# WORK INSTRUCTION
Word for word, restate the data that follows, omitting the images.

# SUPPLIED DATA
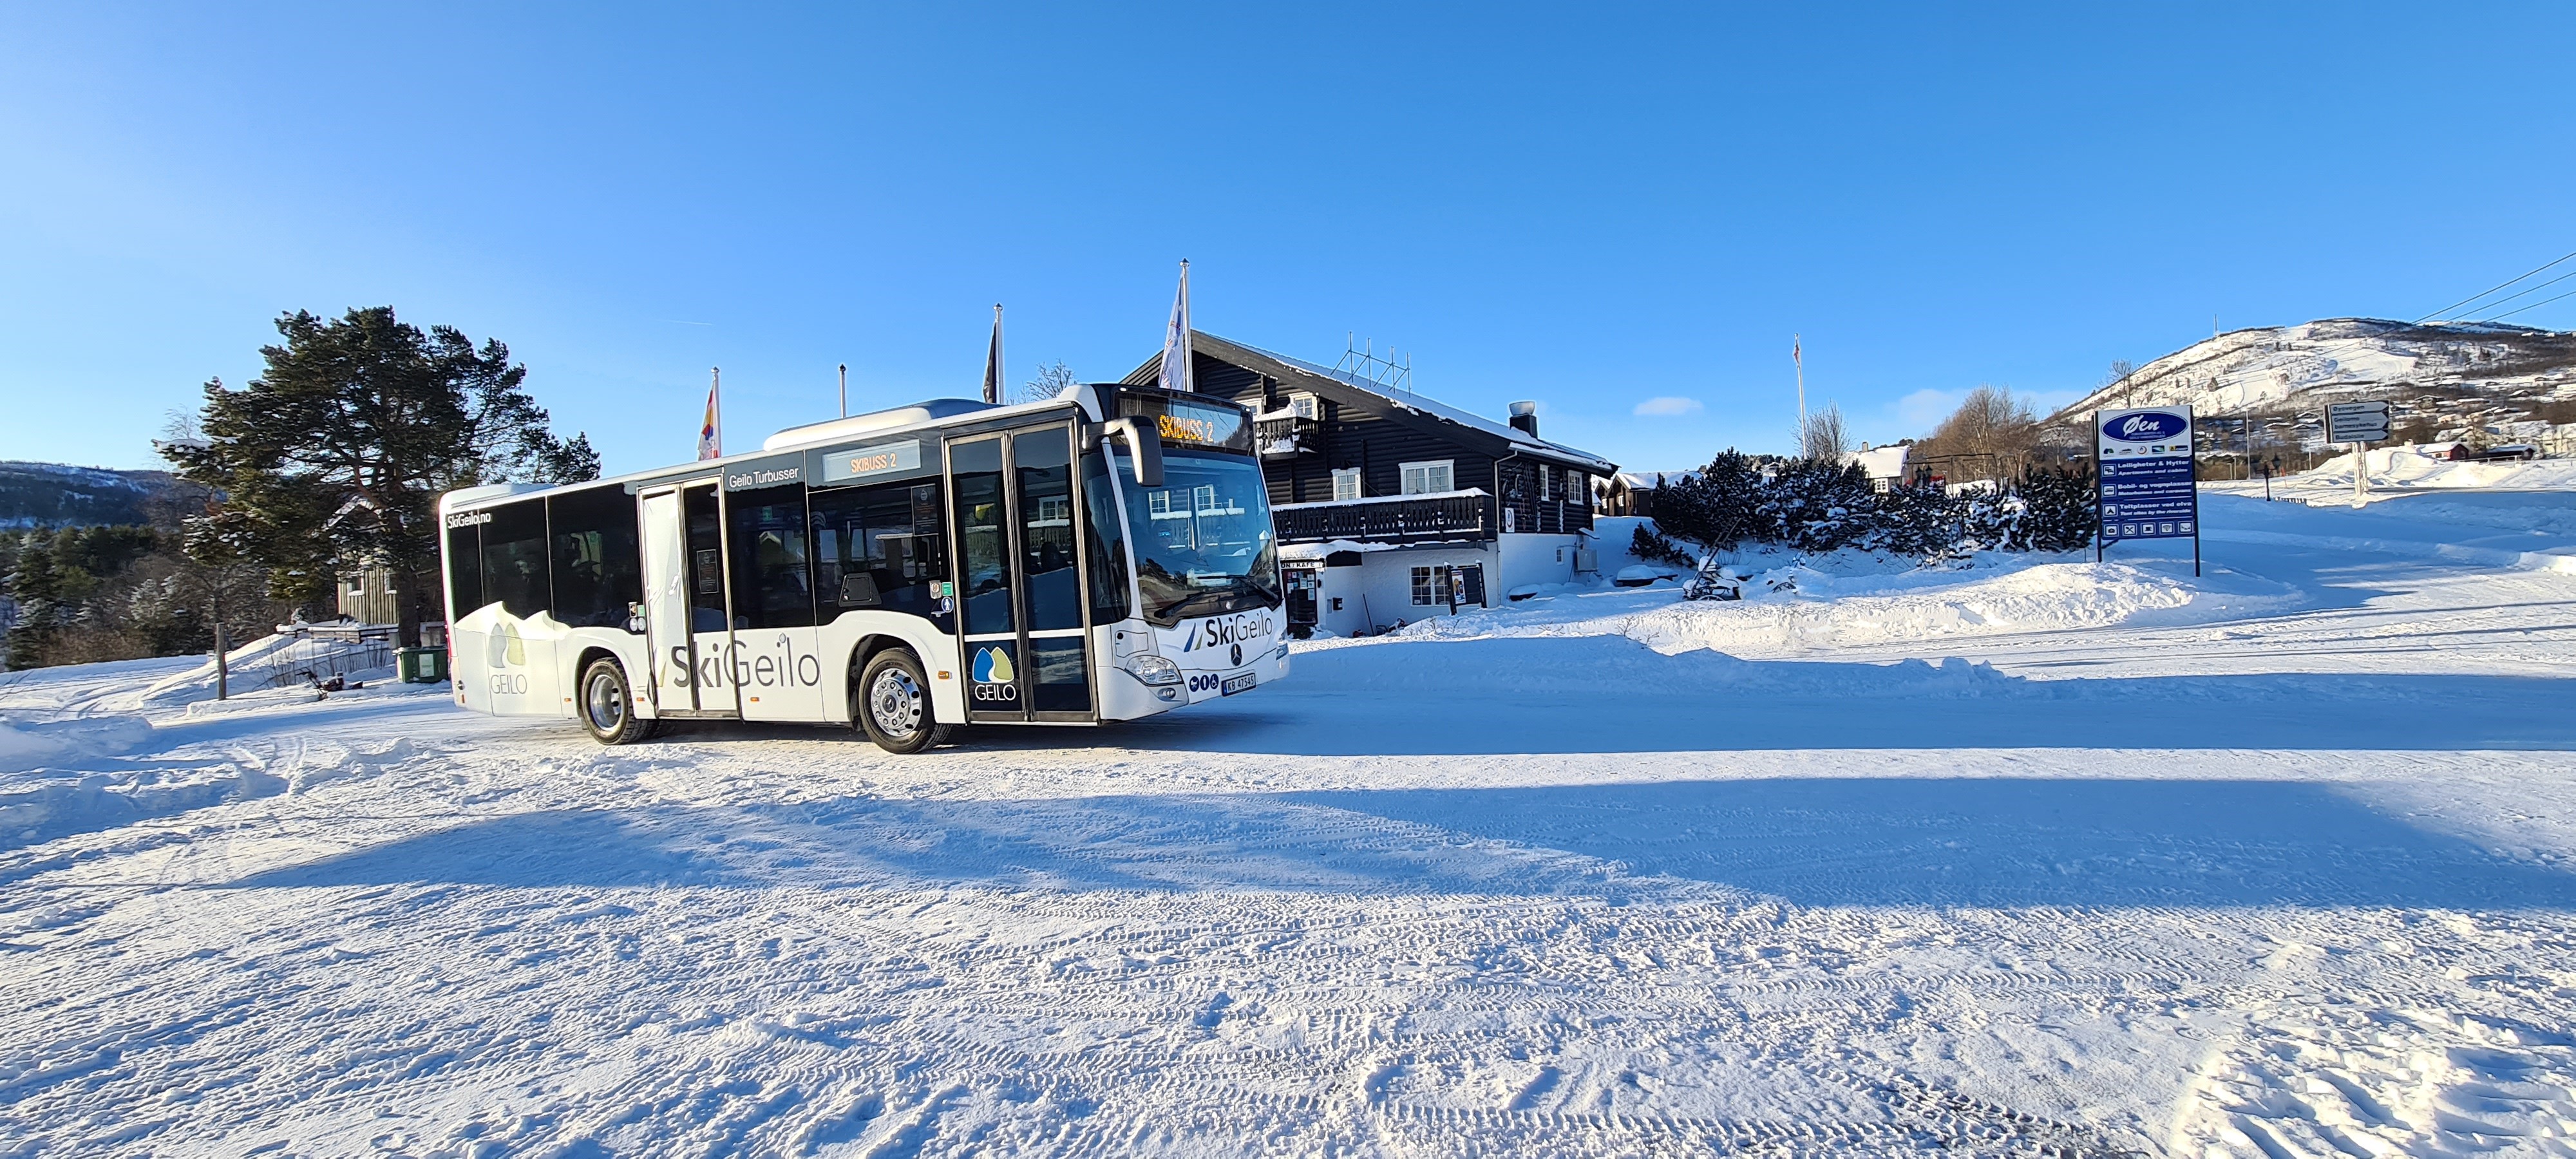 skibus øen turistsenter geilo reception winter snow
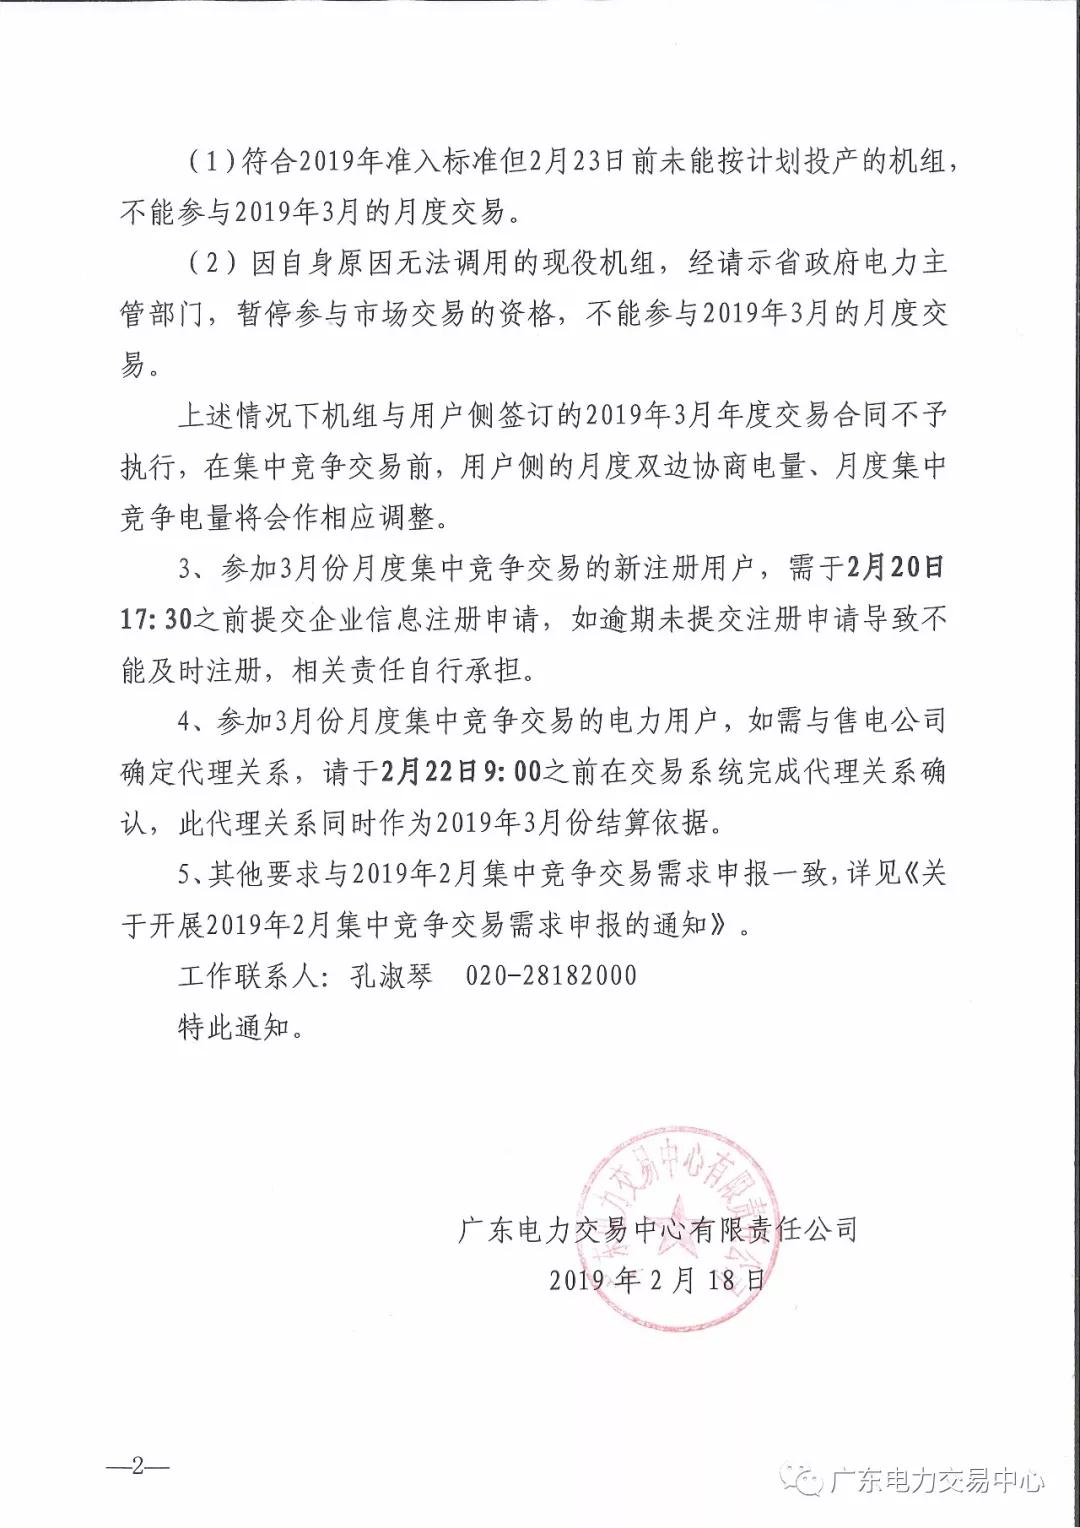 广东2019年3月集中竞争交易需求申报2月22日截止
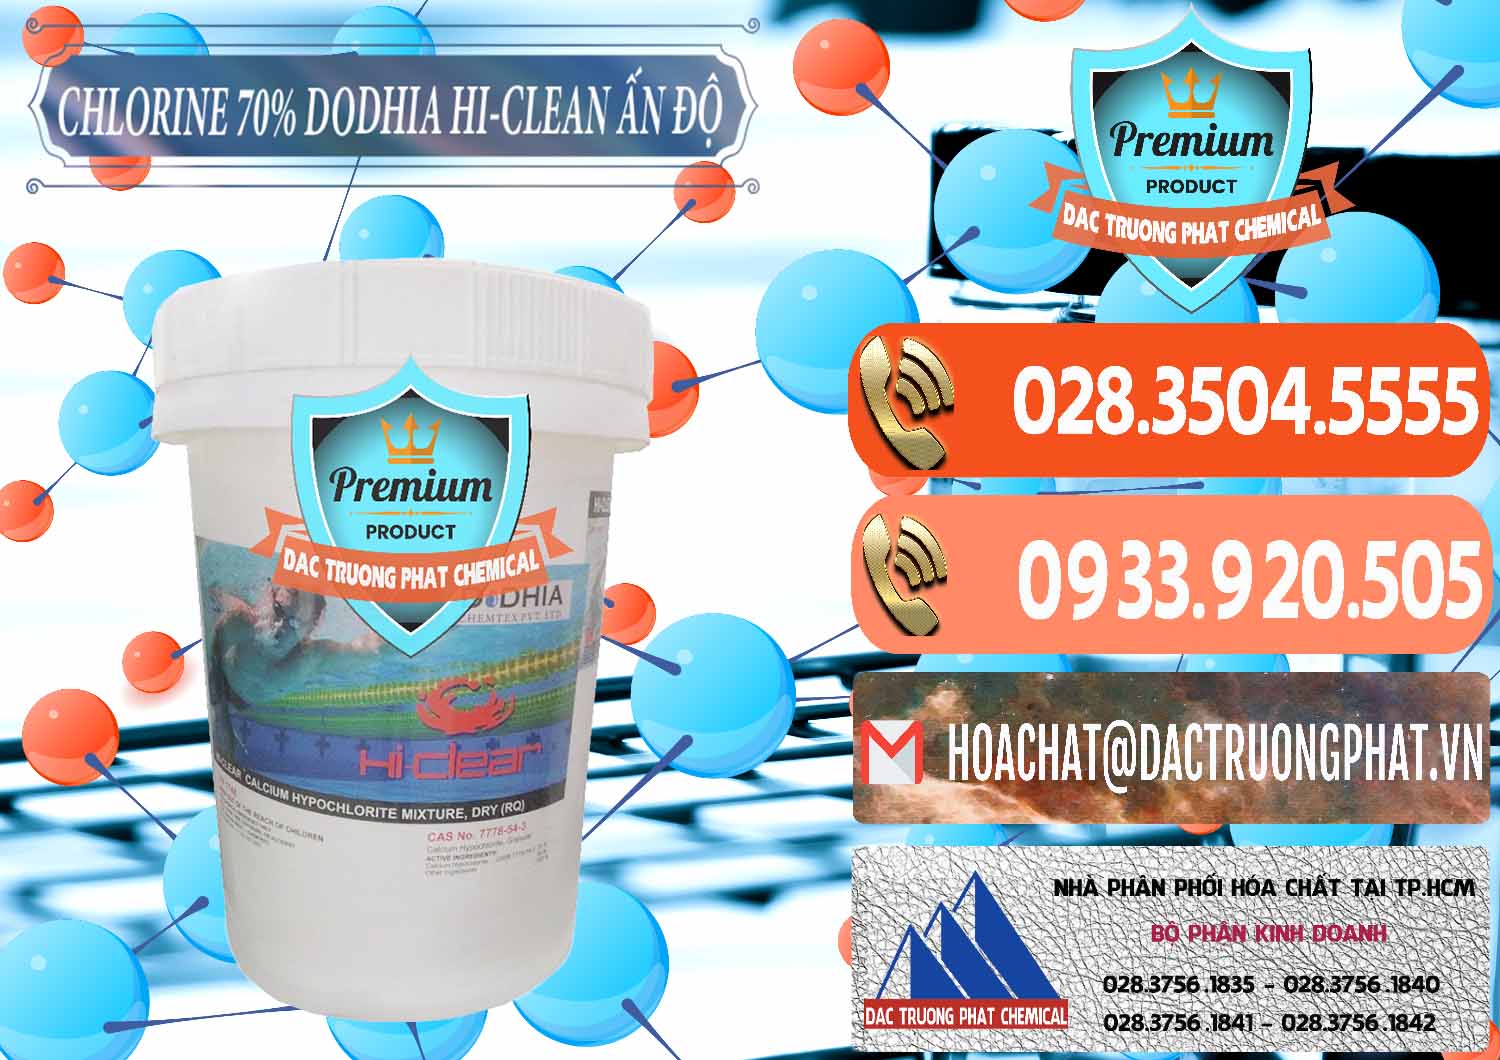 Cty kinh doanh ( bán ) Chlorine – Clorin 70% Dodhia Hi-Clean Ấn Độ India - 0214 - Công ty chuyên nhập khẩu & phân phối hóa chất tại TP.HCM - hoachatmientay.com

# ANSWER TO THE PROBLEM
 skibus øen turistsenter geilo reception winter snow
 广东2019年3月集中竞争交易需求申报2月22日截止
 Cty kinh doanh ( bán ) Chlorine – Clorin 70% Dodhia Hi-Clean Ấn Độ India - 0214 - Công ty chuyên nhập khẩu & phân phối hóa chất tại TP.HCM - hoachatmientay.com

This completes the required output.